_DESCRIPTION OF THE TASK_: Below is a listing from which only part is wanted; return exactly the lines from the one with "This spikey necklace" up to and including the one with "Necklace is 16".

_INPUT DATA_:
..............................

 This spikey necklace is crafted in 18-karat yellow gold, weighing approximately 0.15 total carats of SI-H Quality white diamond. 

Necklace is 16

..............................

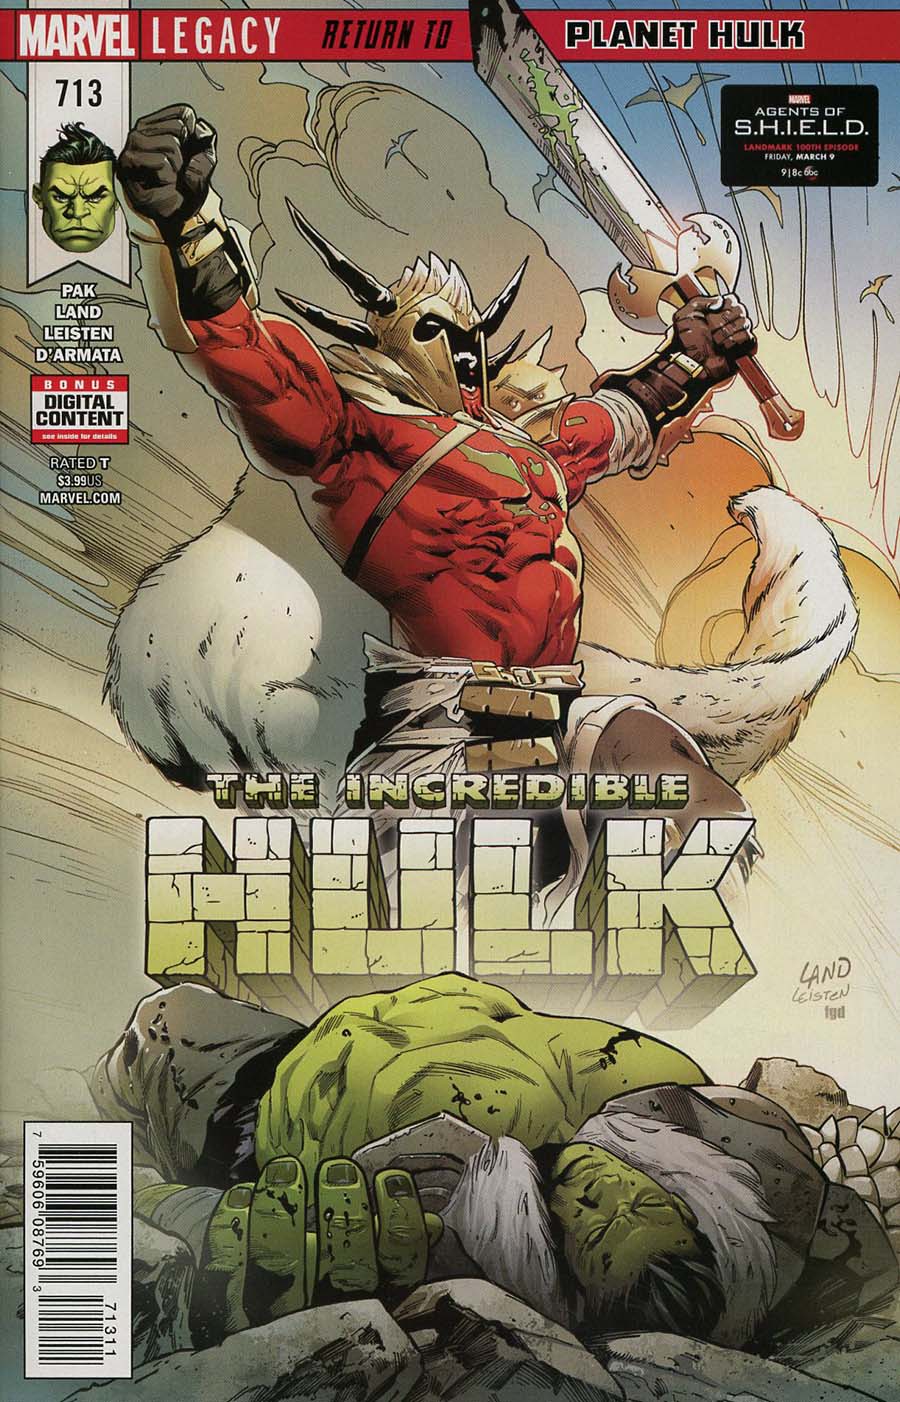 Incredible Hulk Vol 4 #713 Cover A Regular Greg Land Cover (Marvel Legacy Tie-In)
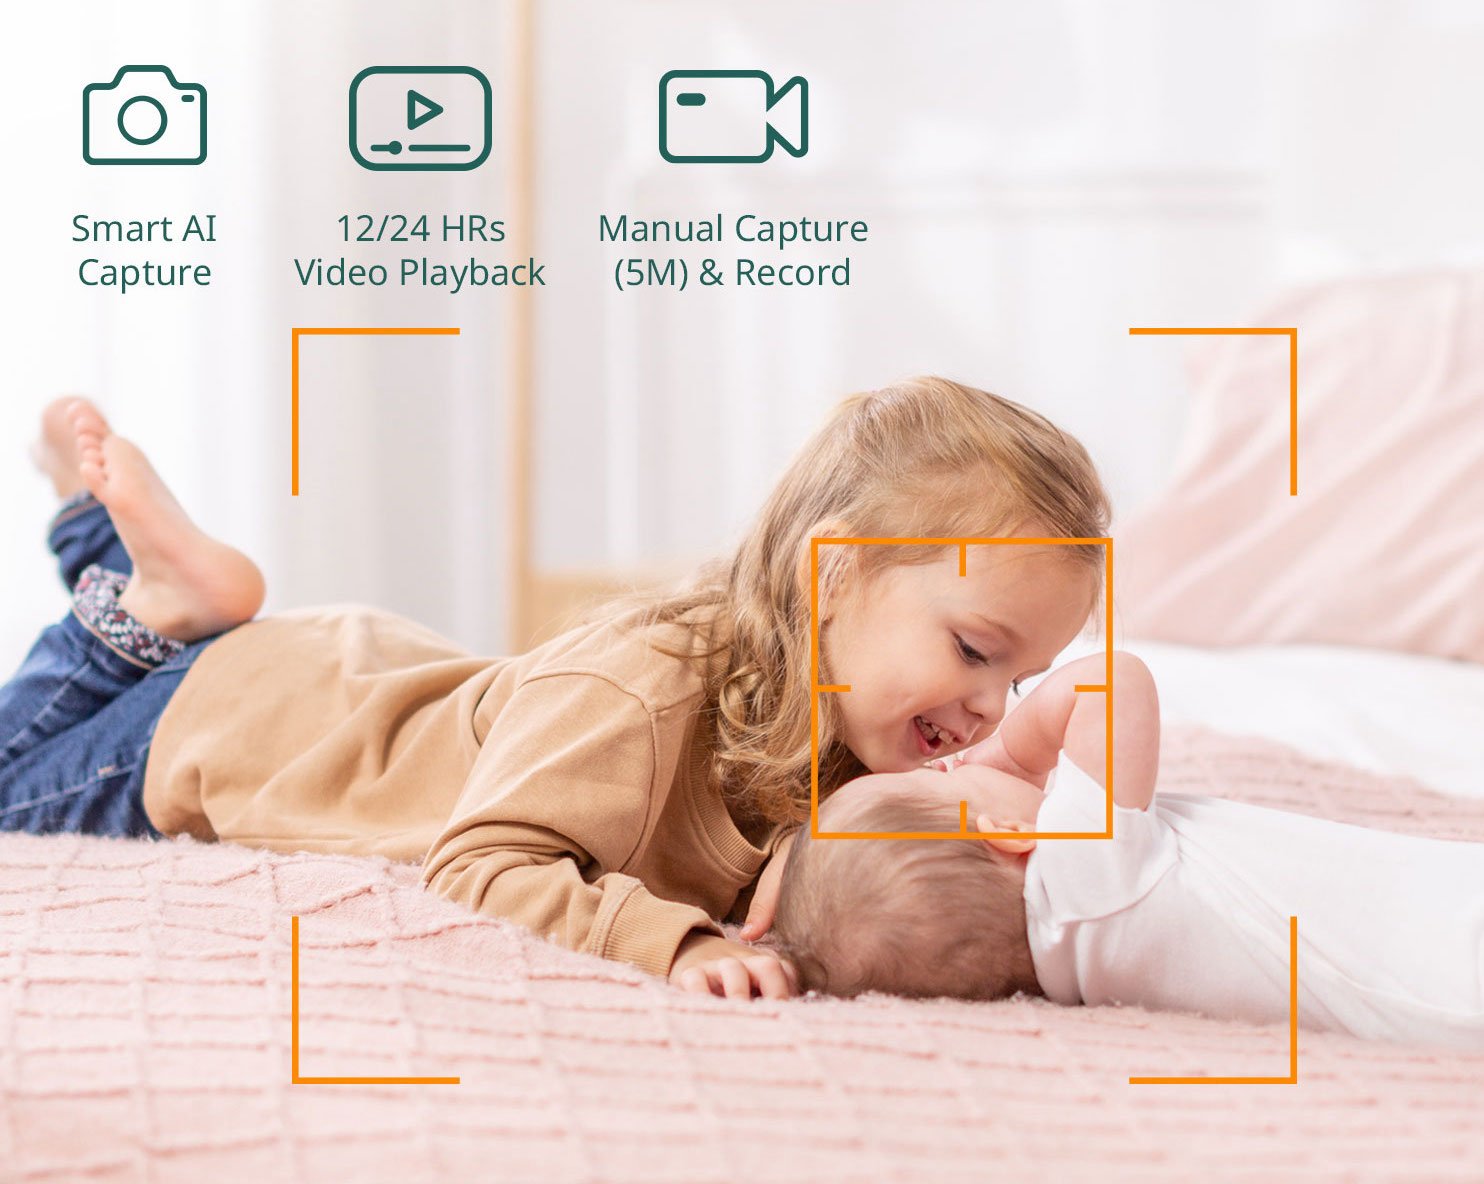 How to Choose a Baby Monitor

..............................

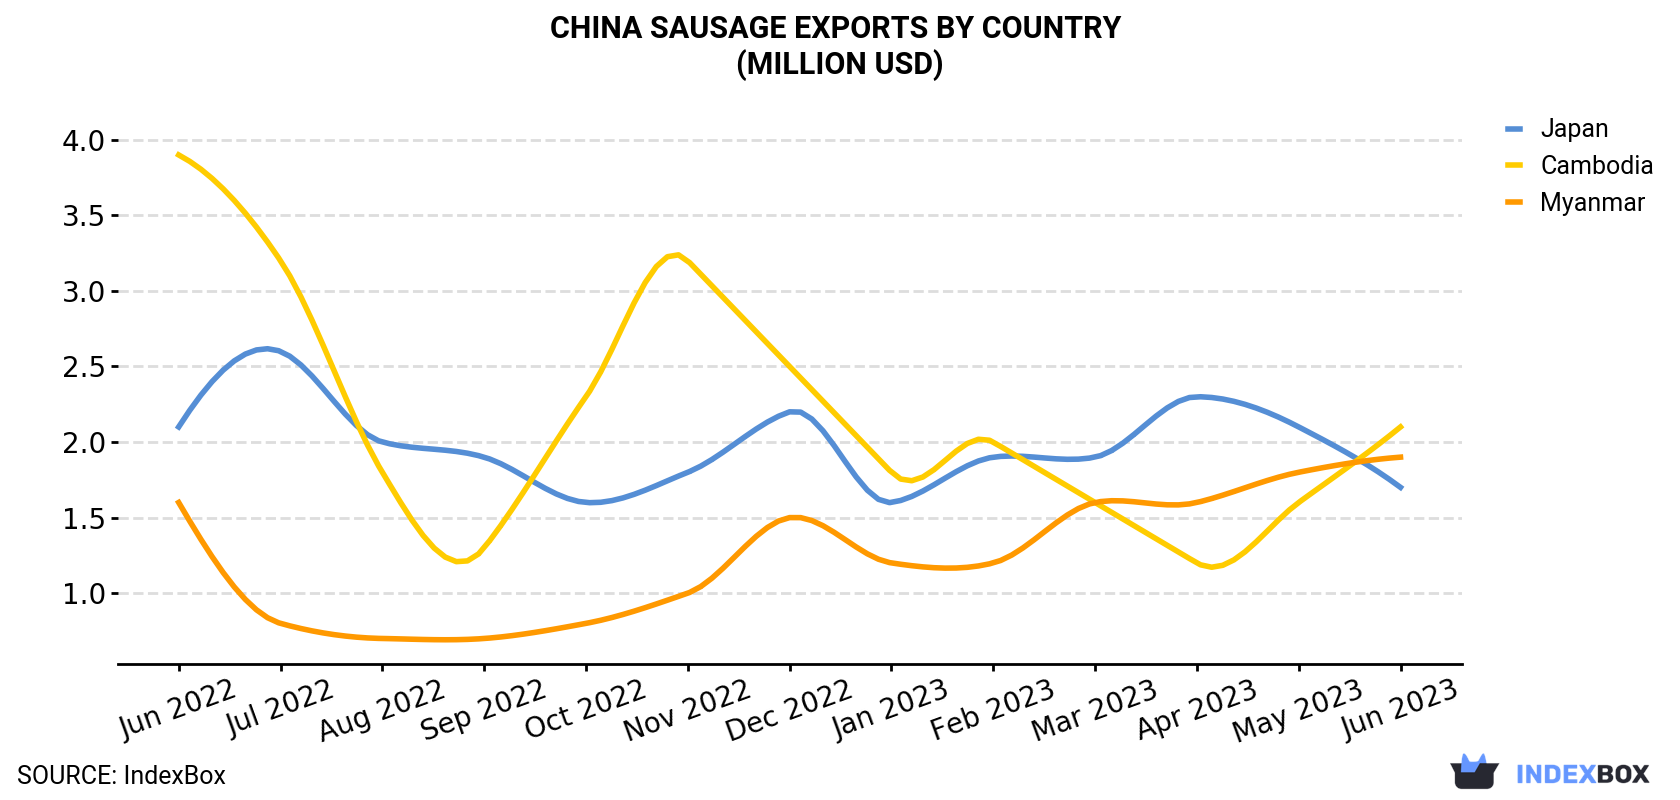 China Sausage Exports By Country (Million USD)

..............................

_SOLUTION TO THIS EXERCISE_:
 This spikey necklace is crafted in 18-karat yellow gold, weighing approximately 0.15 total carats of SI-H Quality white diamond. 

Necklace is 16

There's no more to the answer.